2 DOSAGE AND ADMINISTRATION

2.1 Important Administration Instructions

• Always check insulin labels before administration [see Warnings and Precautions (5.4)].
• Inspect LYUMJEV visually before use. It should appear clear and colorless. Do not use LYUMJEV if particulate matter and discoloration is seen.
• Use LYUMJEV prefilled pens with caution in patients with visual impairment that may rely on audible clicks to dial their dose.
• Do not perform dose conversion when using any LYUMJEV U-100 or U-200 prefilled pens.The dose window of LYUMJEV prefilled pens shows the number of units of LYUMJEV to be delivered and no conversion is needed.
• Do not transfer LYUMJEV U-200 from the prefilled pen to a syringe for administration [see Warnings and Precautions (5.4)].
• Do not mix LYUMJEV with any other insulin products.
• Do not administer LYUMJEV U-200 using continuous subcutaneous infusion insulin pump.
• Do not administer LYUMJEV U-200 intravenously.

2.2 Route of Administration Instructions

Subcutaneous Injection for LYUMJEV U-100 or U-200

• Administer LYUMJEV at the start of a meal or within 20 minutes after starting a meal subcutaneously into the abdomen, upper arm, thigh, or buttocks.
• Rotate injection sites within the same region from one injection to the next to reduce the risk of lipodystrophy and localized cutaneous amyloidosis.
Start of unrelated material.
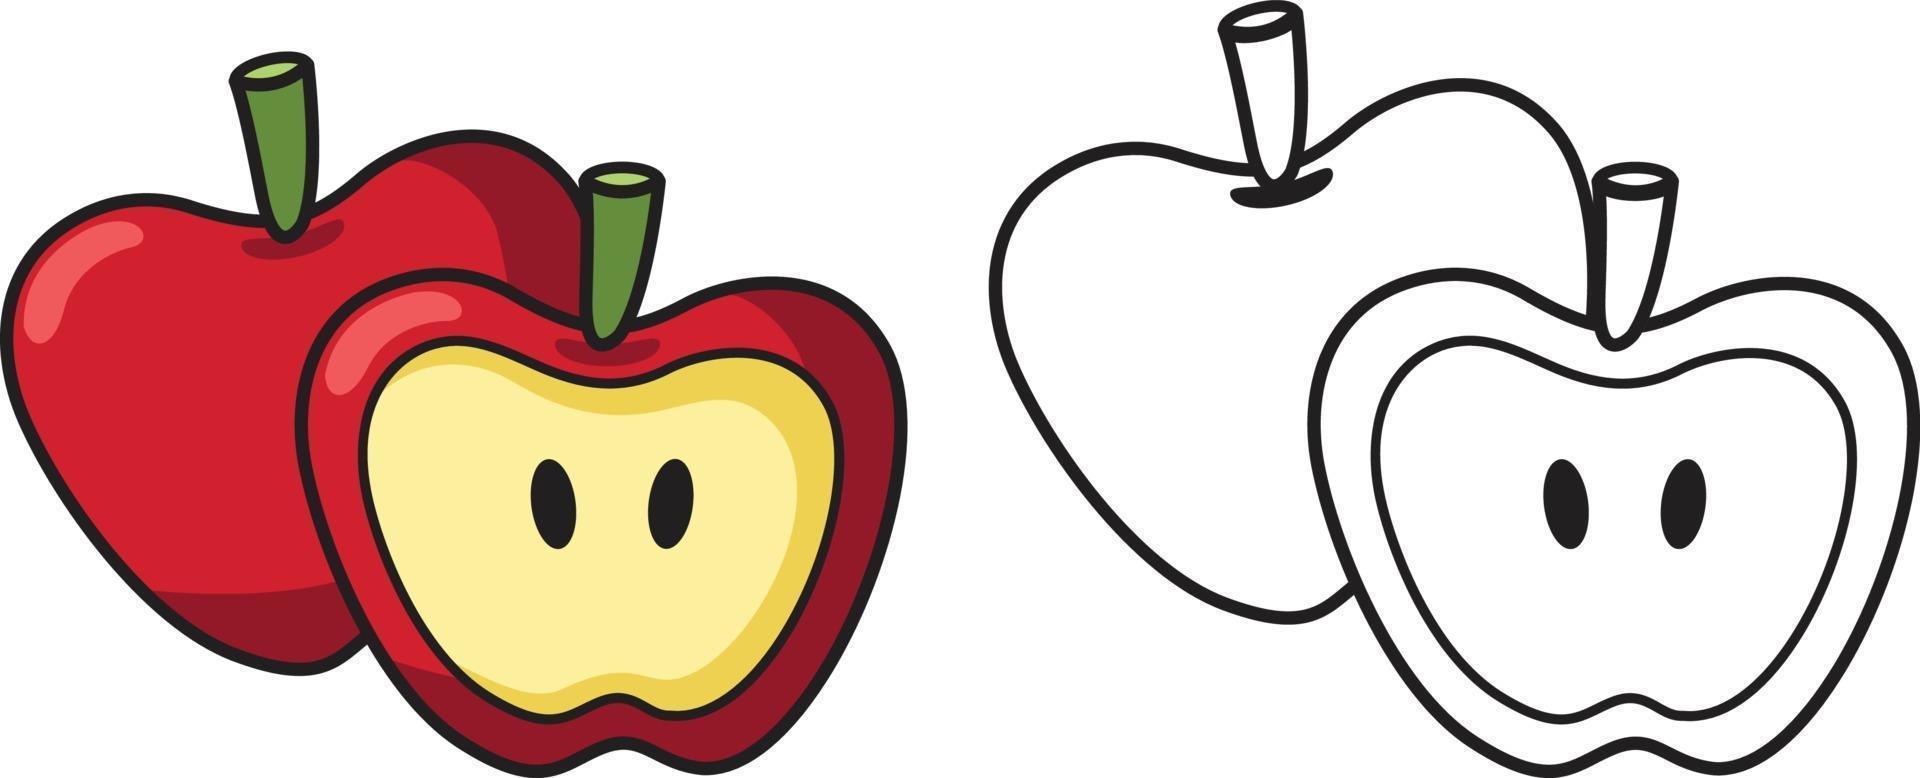 colorful and black and white apple for coloring book vector

Do not inject into areas of lipodystrophy or localized cutaneous amyloidosis [see Adverse Reactions (6.1, 6.2)].
• LYUMJEV given by subcutaneous injection should generally be used in regimens with intermediate or long-acting insulin.
• The LYUMJEV U-100 KwikPen, LYUMJEV U-100 Tempo Pen, and LYUMJEV U-200 KwikPen each dial in 1 unit increments and deliver a maximum dose of 60 units per injection.
• The LYUMJEV U-100 Junior KwikPen dials in 0.5 unit increments and delivers a maximum dose of 30 units per injection.
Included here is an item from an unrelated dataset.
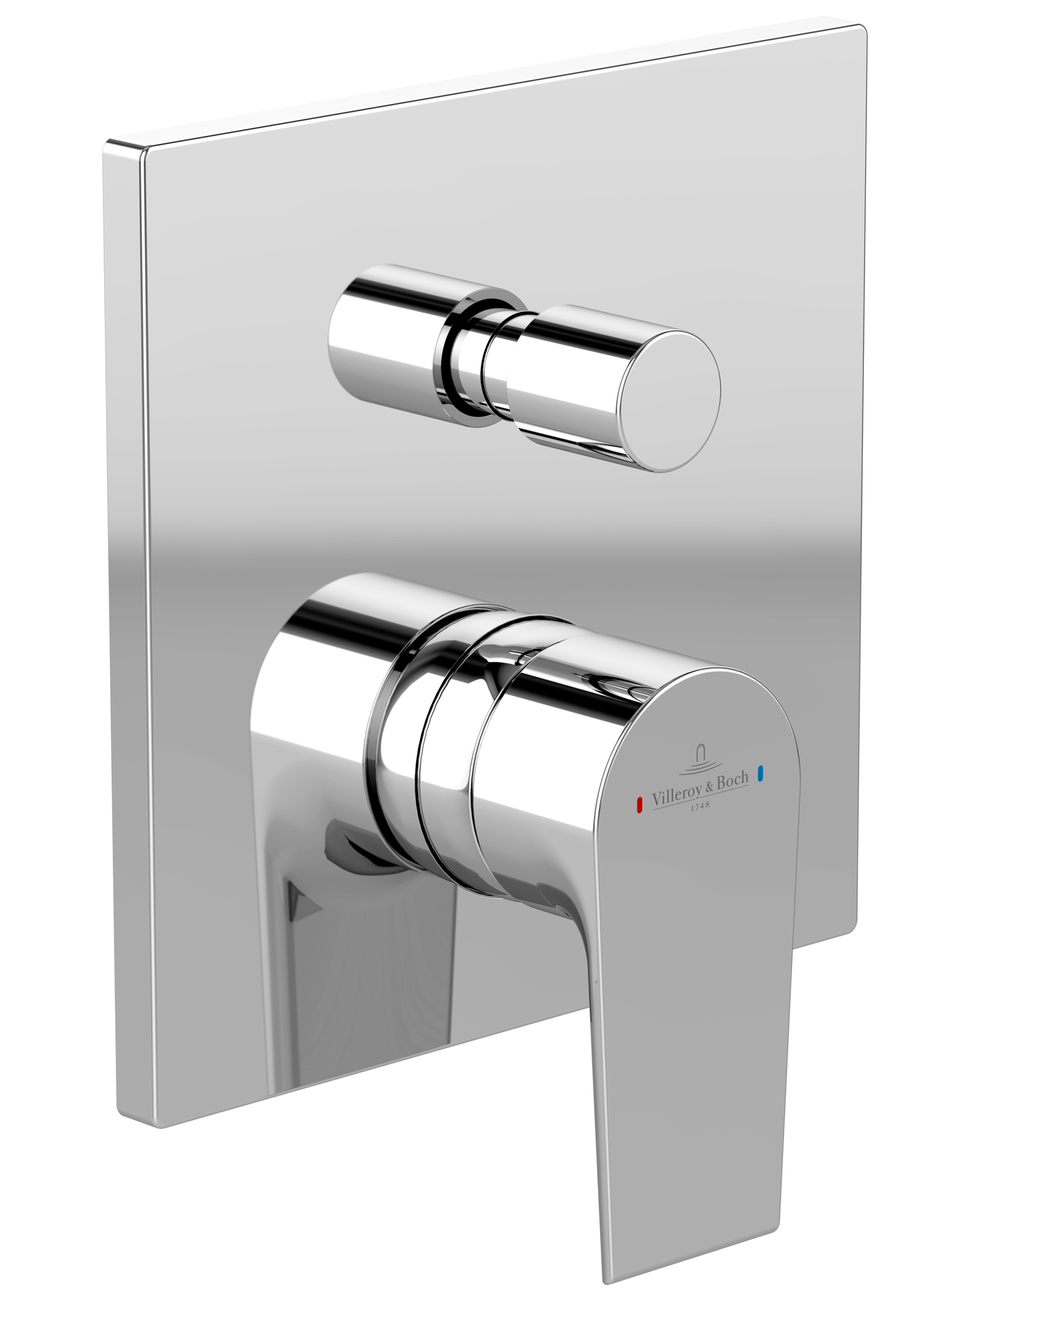 Liberty Concealed Single-lever Bath & Shower Mixer

Continuous Subcutaneous Insulin Infusion (Insulin Pump) for LYUMJEV U-100 Only

• Do not administer LYUMJEV U-200 using an insulin pump.
• Refer to the continuous subcutaneous insulin infusion pump user manual to see if LYUMJEV can be used with the insulin pump. Use LYUMJEV in accordance with the insulin pump system's instructions for use.
• Administer LYUMJEV U-100 by continuous subcutaneous infusion in a region recommended in the instructions from the pump manufacturer. Rotate infusion sites within the same region to reduce the risk of lipodystrophy and localized cutaneous amyloidosis. Do not infuse into areas of lipodystrophy or localized cutaneous amyloidosis [see Warnings and Precautions (5.2) and Adverse Reactions (6.1)].
• Train patients using continuous subcutaneous insulin infusion (CSII) therapy to administer insulin by injection and have alternate insulin therapy available in case of insulin pump failure [see Warnings and Precautions (5.8)].
• Change LYUMJEV U-100 in the pump reservoir at least every 9 days or according to the pump user manual, whichever is shorter.
• Change the infusion sets and the infusion set insertion site according to the manufacturer's user manual.
• Do not dilute or mix LYUMJEV U-100 when administering by CSII.
• Do not expose LYUMJEV in the pump reservoir to temperatures greater than 98.6°F (37°C).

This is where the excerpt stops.